Weed believes in the ability of women to defend themselves if they have the correct training.

"There is nothing more dangerous than a pissed off woman," Weed said. Along theses lines, she said that "fear can make you quite the badass." Intuition, fear, and anxiety work together during an attack, and women need to act on their intuition and take advantage of the physical power that fear instills in them, Weed said.

Weed acknowledged that most men are harmless and good-natured, but women still need to be prepared for the sociopaths who exist.

"I want to applaud all the good guys out there. It just happens that there are a few bad apples," she said.

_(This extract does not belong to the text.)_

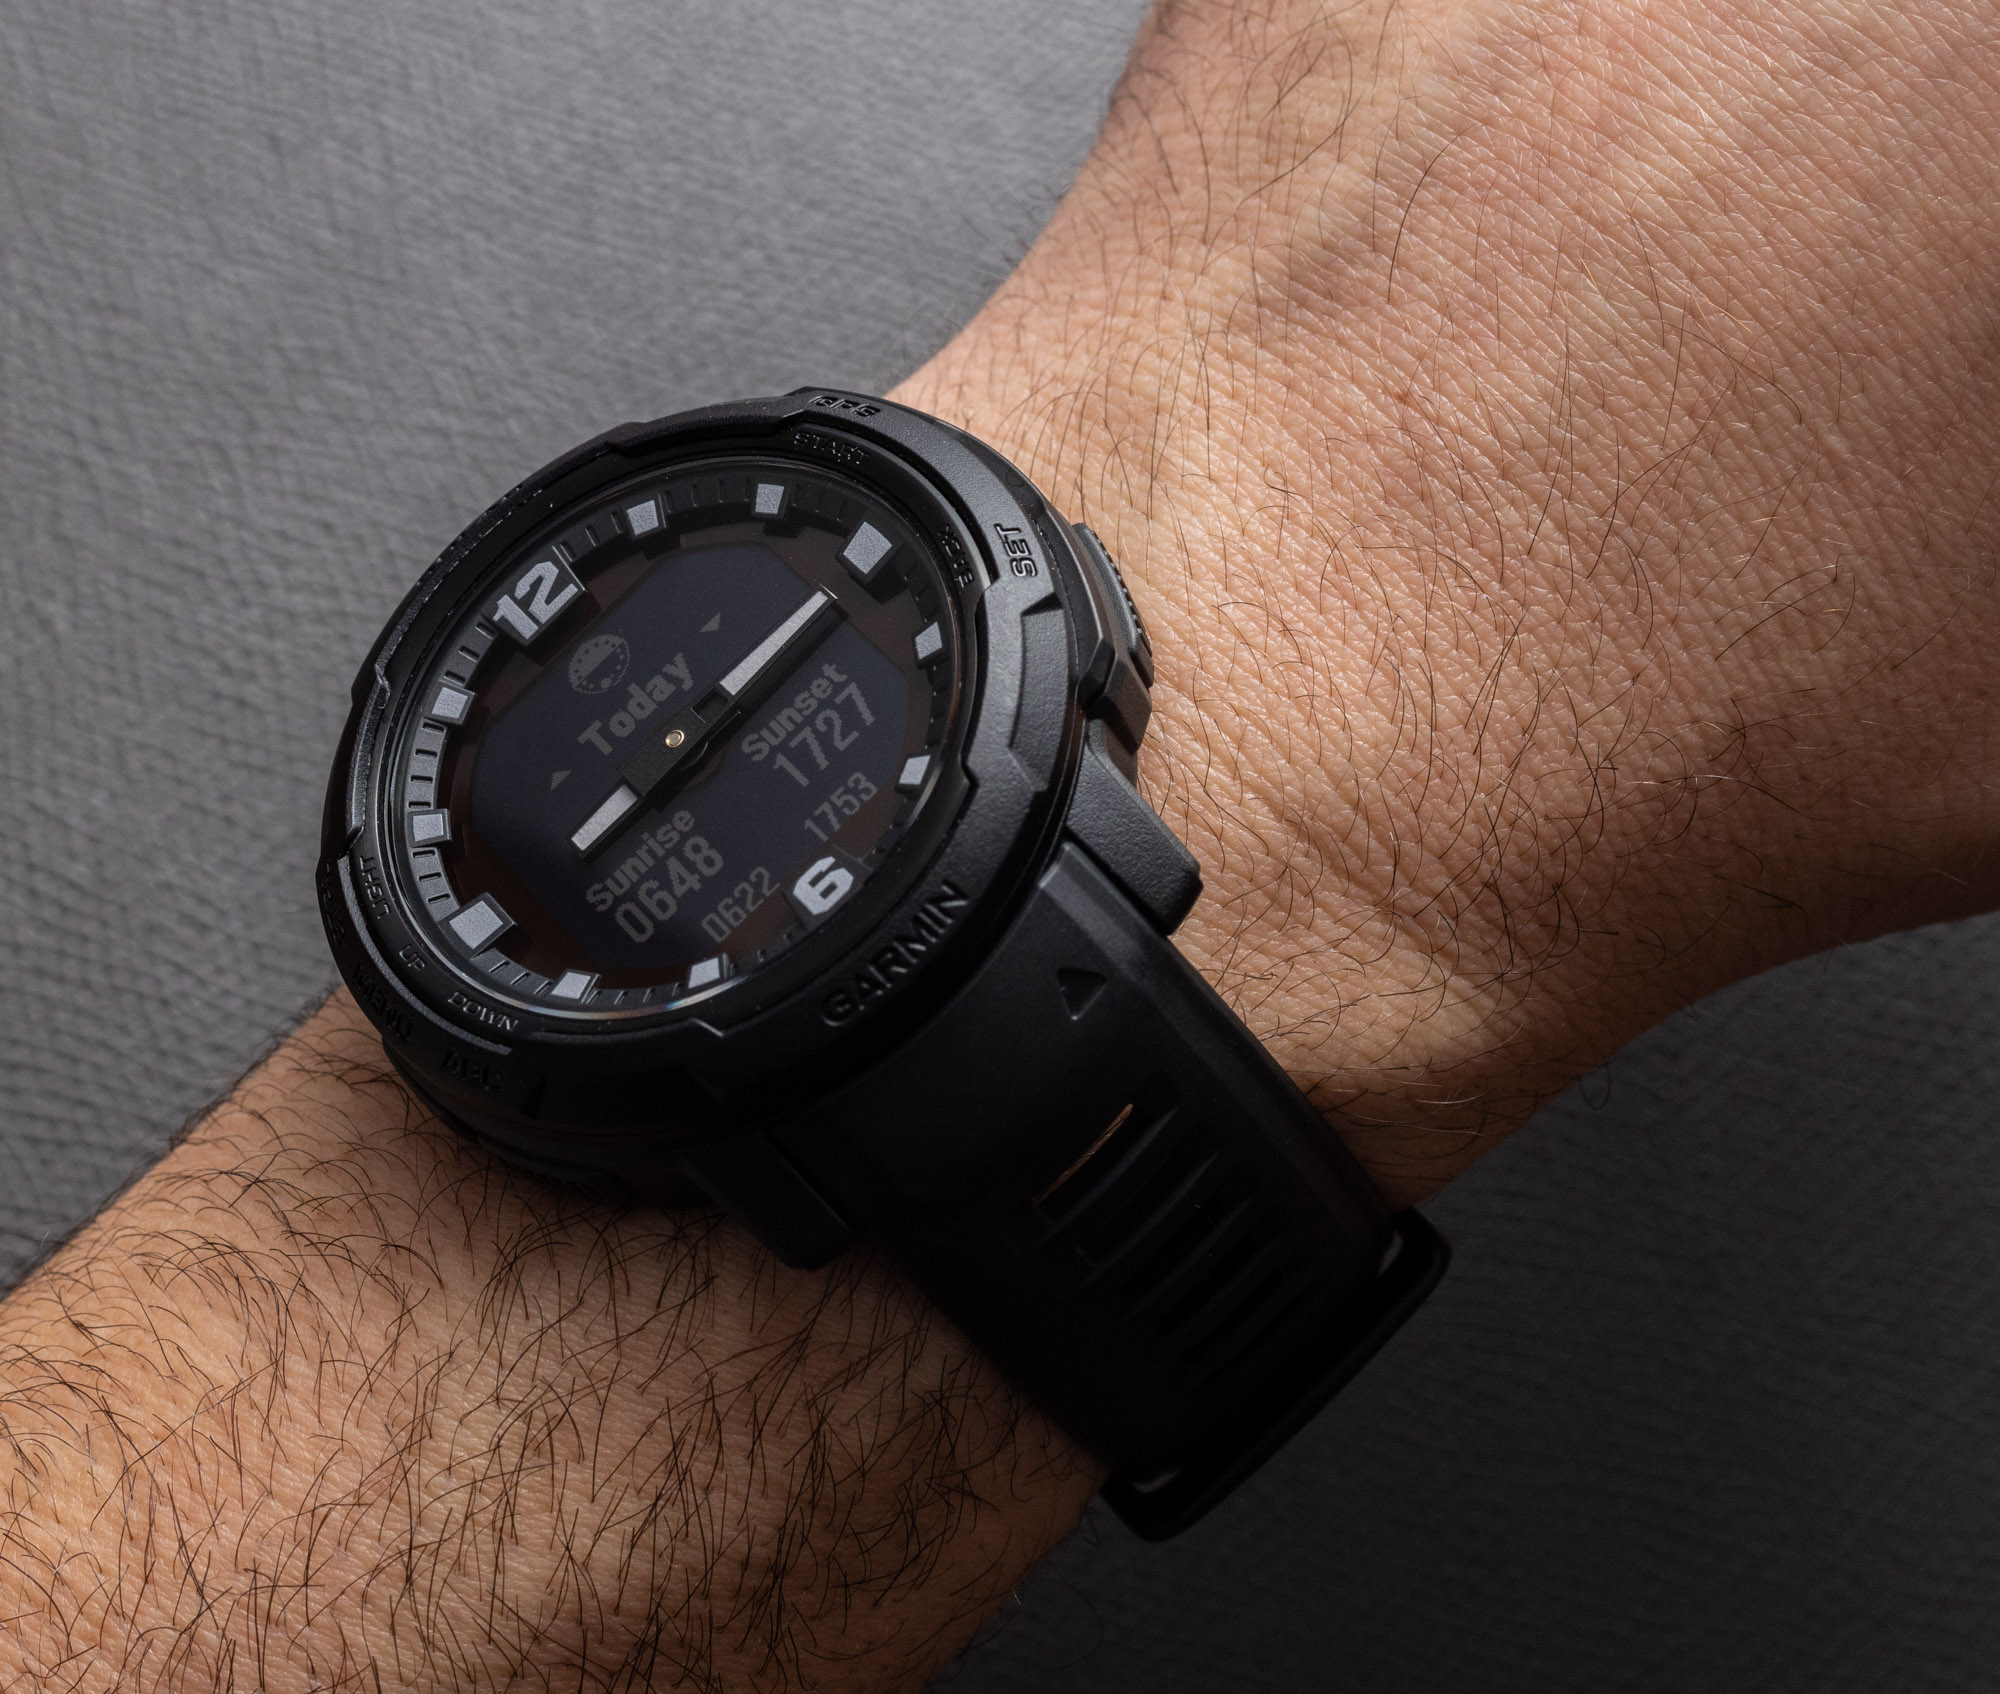 Garmin announces Instinct Crossover hybrid smartwatches

Amy Kurtz '06 said she brought the Girls Fight Back program to Dartmouth because she too was personally touched by Shannon McNamara's tragic death. Kurtz was friends with McNamara's younger sister during high school.

"I think it is important for all women to be informed about sexual assault and violence, and a part of that education, along with many other things, is self-defense," Kurtz said.

Some participants felt that one of Weed's most important messages was that many rapes are acquaintance rapes, and women need to be prepared to protect themselves against friends as well as strangers.

"I think self-defense is really important; I took Rage Aggression Defense. I think the empowerment is the most important thing, knowing you have the power to speak up," Robin Rathmann-Noonan '05 said.

The audience remained engaged and active throughout Weed's presentation, and giggles and laughter often echoed through the Commonground in response to her light-hearted nature and relaxed tone of voice.

"I thought it was both funny and informative," Liz Allen '06 said.